There is one important tradeoff: local memory can return a value that Redis would already consider expired. If exact expiry matters more than speed, set local_max=0 so every read goes to Redis.
expiring_cache = FlipCache("expiring", local_max=0, expire_time=5)
For read-heavy workloads where hot keys should remain alive, refresh_expire_time_on_get=True extends the Redis TTL whenever the key is read through FlipCache.
Eviction Helpers
The package also ships bounded dictionaries for cases that do not need Redis at all:
FIFODictevicts the oldest inserted item.LRUDictevicts the least recently used item.ThreadSafeFIFODictandThreadSafeLRUDictwrap operations with locks.AsyncSafeFIFODictandAsyncSafeLRUDictexpose async-safe methods for coroutine-heavy code.
from flipcache import LRUDict
recent = LRUDict(max_items=3)
recent["a"] = "Alpha"
recent["b"] = "Beta"
recent["c"] = "Gamma"
_ = recent["a"]
recent["d"] = "Delta" # evicts "b"
These helpers are small, but they make the package useful even when Redis is not part of the current code path.
Benchmarks
The bundled benchmark script compares pure Redis access with FlipCache's hybrid mode using 1,000 keys and a local tier capped at the same size.
| Scenario | Mean (s) | Std Dev |
|---|---|---|
redis_set | 0.252 | 0.013 |
flipcache_set | 0.242 | 0.003 |
redis_get | 22.986 | 0.518 |
flipcache_get | 0.0172 | 0.000 |
The write path stays close to Redis because it still persists values to the backing store.

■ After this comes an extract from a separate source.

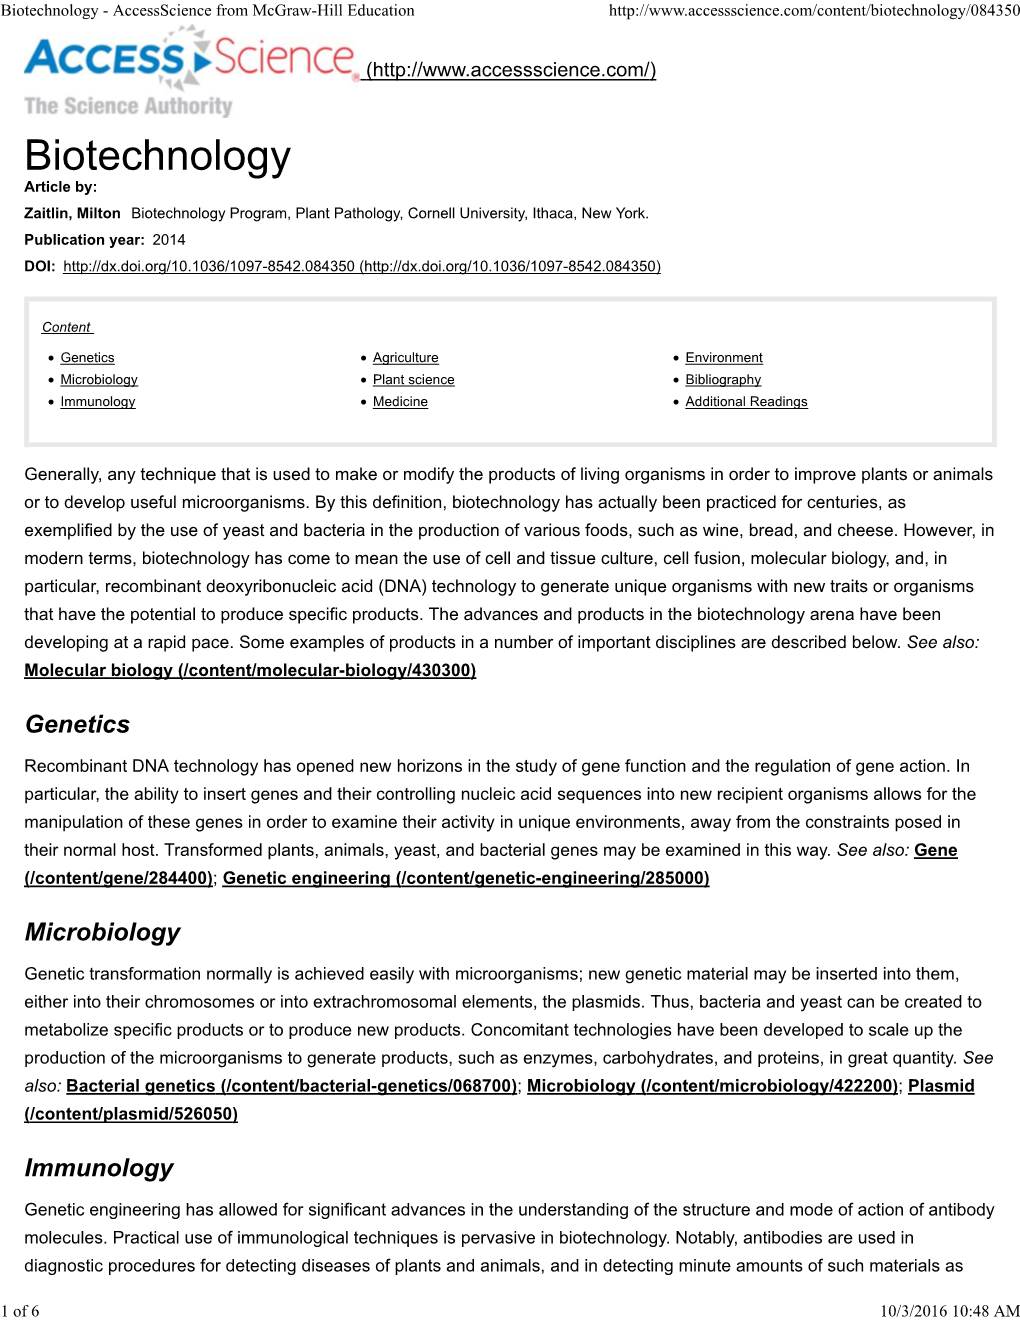 Genetics Microbiology Immunology

The read path is where the design pays off: once the local tier is warm, repeated reads are served from process memory.
Current Status & Next Steps
FlipCache is public, MIT licensed, and available on PyPI. The current PyPI release is 1.3, released on May 23, 2025.
The useful next work is less about proving the idea and more about tightening the package:
- Add automated tests around TTL refresh, custom codecs, and eviction helpers.
- Expand async Redis support so event-loop applications can use the same model without adapters.
- Publish more structured docs beyond the README examples.
- Keep the benchmarks reproducible as the implementation evolves.